How to check existing records in Hash File

Post questions here relative to DataStage Server Edition for such areas as Server job design, DS Basic, Routines, Job Sequences, etc.

Moderators: chulett, rschirm, roy

Post Reply
niteshjha
Participant
Posts: 2
Joined: Fri Aug 17, 2007 12:51 am
Location: Bangalore

How to check existing records in Hash File

Post by niteshjha »

Hi,
This is my first post.I am using hash file for lookup (DataStage- Server Edition).Suppose in first run I have some records in hash file lookup(ex.empid 1,2,3). Then in second run in source flat file again we have empid 1,2,3,4,5,6 and we have to load it to hash file for look up purpose.
Question: I want to load only empid 4,5,6 in hasfile beacause 1,2,3 is already existing.I want to reuse same hash file.
So, is there any option in Hash File that it will check existing record in hash file memory then it will load ? otherwisw how to do it without using any extra stage?

Thanks in advance
Nitesh
Raghavendra
Participant
Posts: 147
Joined: Sat Apr 30, 2005 1:23 am
Location: Bangalore,India

Post by Raghavendra »

One way is to do a look up on the same hash file for existing records.If you try to load the records without doing a lookup you will get a warning for duplicate records.
niteshjha
Participant
Posts: 2
Joined: Fri Aug 17, 2007 12:51 am
Location: Bangalore

Post by niteshjha »

Raghavendra wrote:One way is to do a look up on the same hash file for existing records.If you try to load the records without doing a lookup you will get a warning for duplicate records.
Is there any option in stage(hash file) to do a look up on the same hash file? Or we have to put other hash file stage and have to do lookup? Please elaborate the same.

Thanks
ray.wurlod
Participant
Posts: 54607
Joined: Wed Oct 23, 2002 10:52 pm
Location: Sydney, Australia
Contact:

Post by ray.wurlod »

You require two hashed file stages. A passive stage can not open its output link(s) until its input link(s) are closed. So you need one stage for performing lookups (specify cache disabled, lock for update) and one stage for writing to the hashed file (specify write cache disabled).
IBM Software Services Group
Any contribution to this forum is my own opinion and does not necessarily reflect any position that IBM may hold.
chulett
Charter Member
Charter Member
Posts: 43085
Joined: Tue Nov 12, 2002 4:34 pm
Location: Denver, CO

Post by chulett »

As noted... you will need an 'extra' stage if you want to both read and write to a hashed file in the same job. And then you would check the status of the lookup to know if the value being looked up existed or not - i.e. if the lookup was successful. There is a 'Link Variable' available for that - LinkName.NOTFOUND - when true indicates 'failure' and when false, success.

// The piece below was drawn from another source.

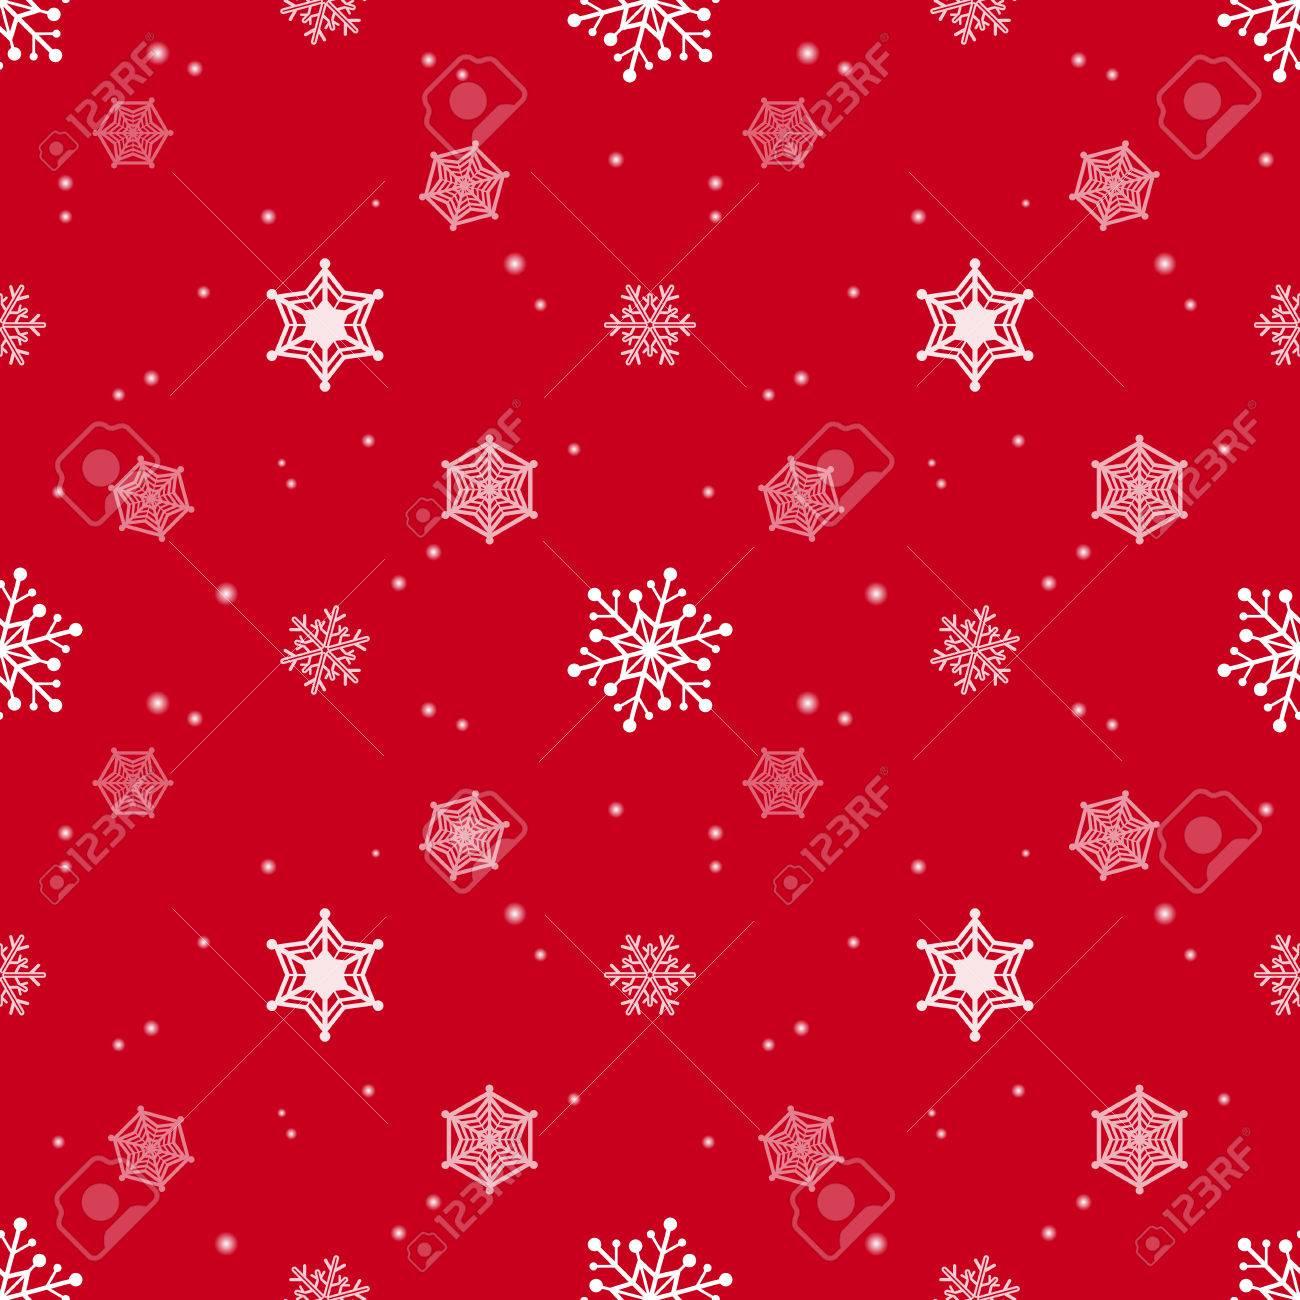 Schneeflocke Rote Farbe Hintergrund, Tapeten Weihnachten Muster ...

You could then constrain your write link to only send 'new' values to the hashed file. You would also need to ensure your lookup stage has caching disabled (or 'Enabled, Locked for Update') if you need those new keys to be immediately available in the current job run.

Lastly, because hashed files are 'destructive overwrite' a.k.a. 'Last one in wins' when it comes to key handling, you could write all of your input key values to the hashed file and the end result would be the same as if you had only written the new ones.

Speaking from a key values standpoint only, of course, any associated data (non-key) values are what would drive your decision to send all or only new keys back into the hashed file. Of course, you could also send existing records back if their data elements need to be updated as well.

After all that, not sure we're answering your question. It will depend on your exact job design and how you are getting 'some records in hashed file', how you are loading it. And then how it is being leveraged during the job run. :?
-craig

"You can never have too many knives" -- Logan Nine Fingers
Post Reply